Friday, April 25, 2014

A damning indictment of drug regulation in India - How the CDSCO handled new drug approvals

(This post is the second part of a series examining the functioning of India's drug regulatory authority, the CDSCO).

Having examined the mandate, organization structure and operational procedures of the CDSCO, the Committee moved on to investigate one of the most important activities the CDSCO undertakes - New Drug Approvals. In order to do so, the CDSCO was asked to provide detailed reports on 42 new medicines that had received their approval - a mere 2% of all drugs approved by them from January 2001 to October 2010. And this is where things started to get very murky indeed.

Three of the drugs on the list (pefloxacin, lomefloxacin and sparfloxacinhappened to be somewhat controversial, having either never been marketed in Western countries, or withdrawn from the market due to serious side effects. They are still sold in India. Naturally, one would expect a higher level of monitoring of these medications. Instead, the Ministry had no files for them at all. That's right, nothing.
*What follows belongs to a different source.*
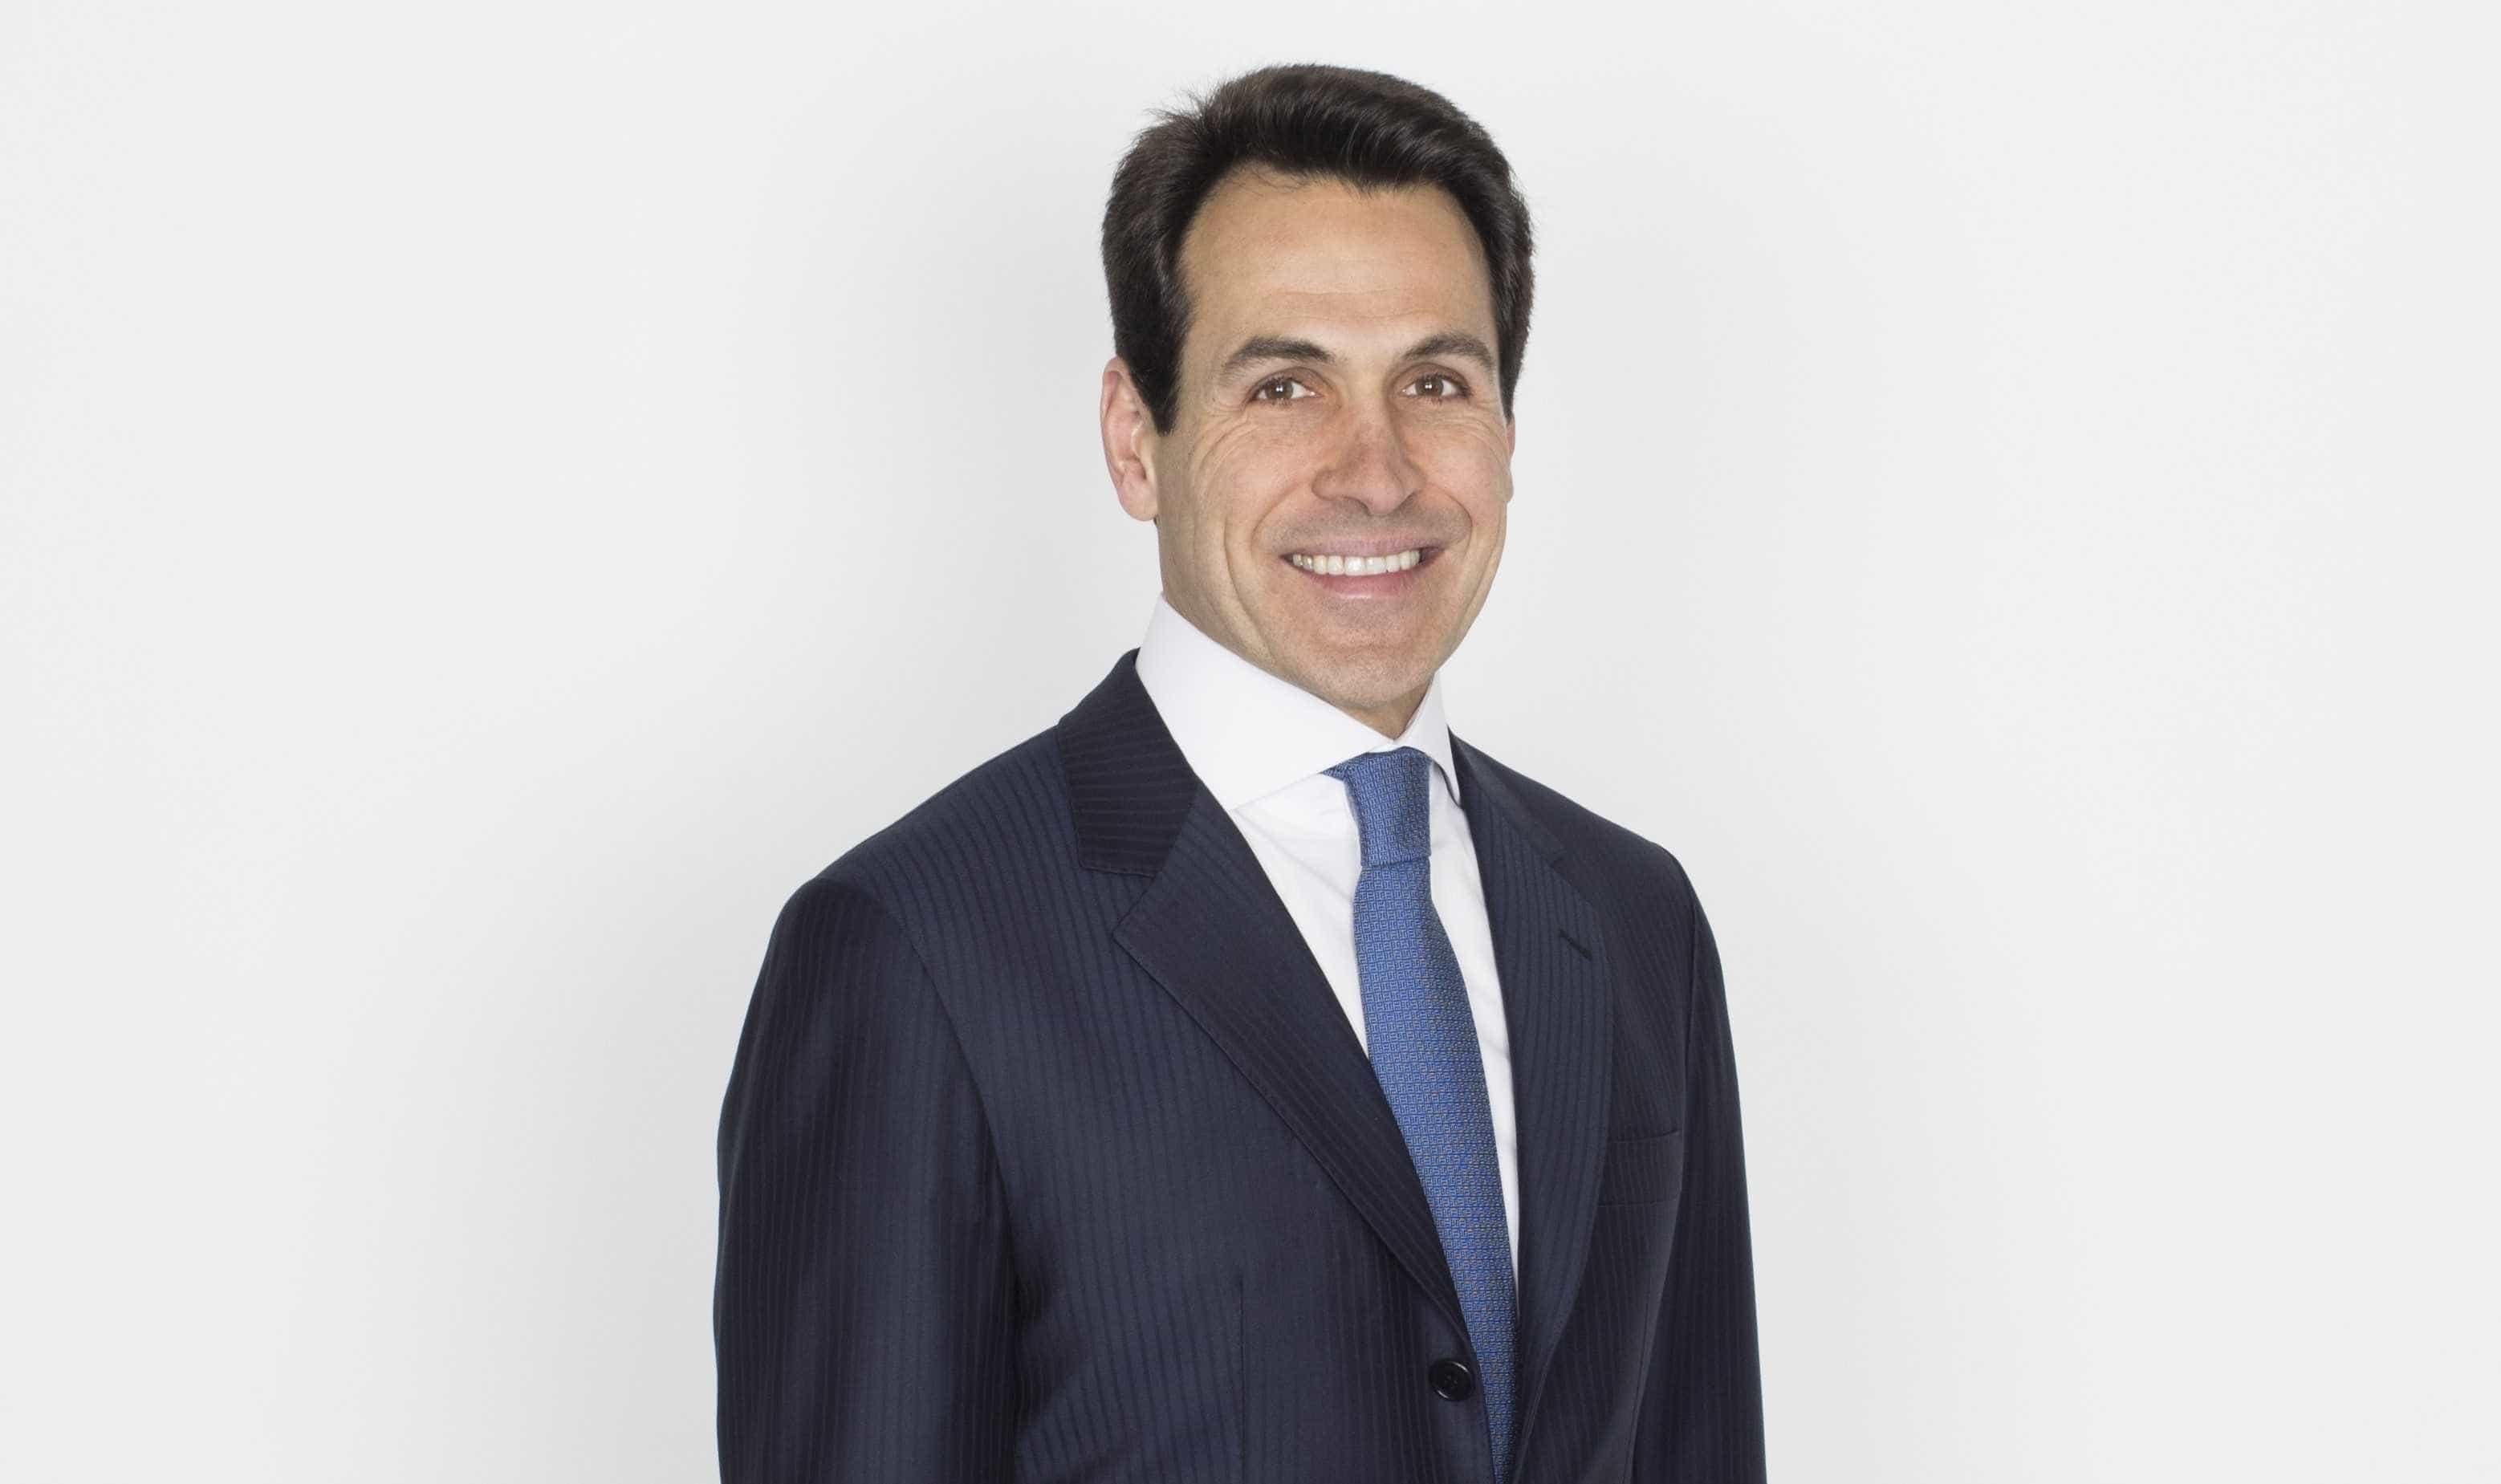 Moro condena empresário a 10 anos e 4 meses por propina na Petrobras

In government-speak, the files were "untraceable". So there is no record of how such controversial drugs got approved, what kind of safety profile they had with regards to the Indian population, and whether any adverse effects were reported in clinical trials, if they were performed at all.

Things were not much better for the remaining 39 drugs either, with a litany of missing or poorly performed studies. In contravention of existing rules, 11 drugs had not been tested in Phase III clinical trials at all. Two drugs had been tested in a very small number of people, well below the statutory requirement of at least 100 patients. One drug had been tested at only two hospitals, whereas the rules specify a minimum of three to four testing sites. Four drugs had not only not undergone clinical trials, but had not even been evaluated by outside experts. In the Committee's words, "The decision to approve these drugs was taken solely by the non-medical staff of CDSCO on their own." 

13 drugs had not received approval for sale in any major developed country (such as the USA, Canada and Australia). For 24 drugs, medical experts had not been consulted for their opinions prior to approval. In cases where experts had been consulted, only 3-4 opinions had been sought, far fewer than is considered necessary to arrive at a rational and well-informed decision.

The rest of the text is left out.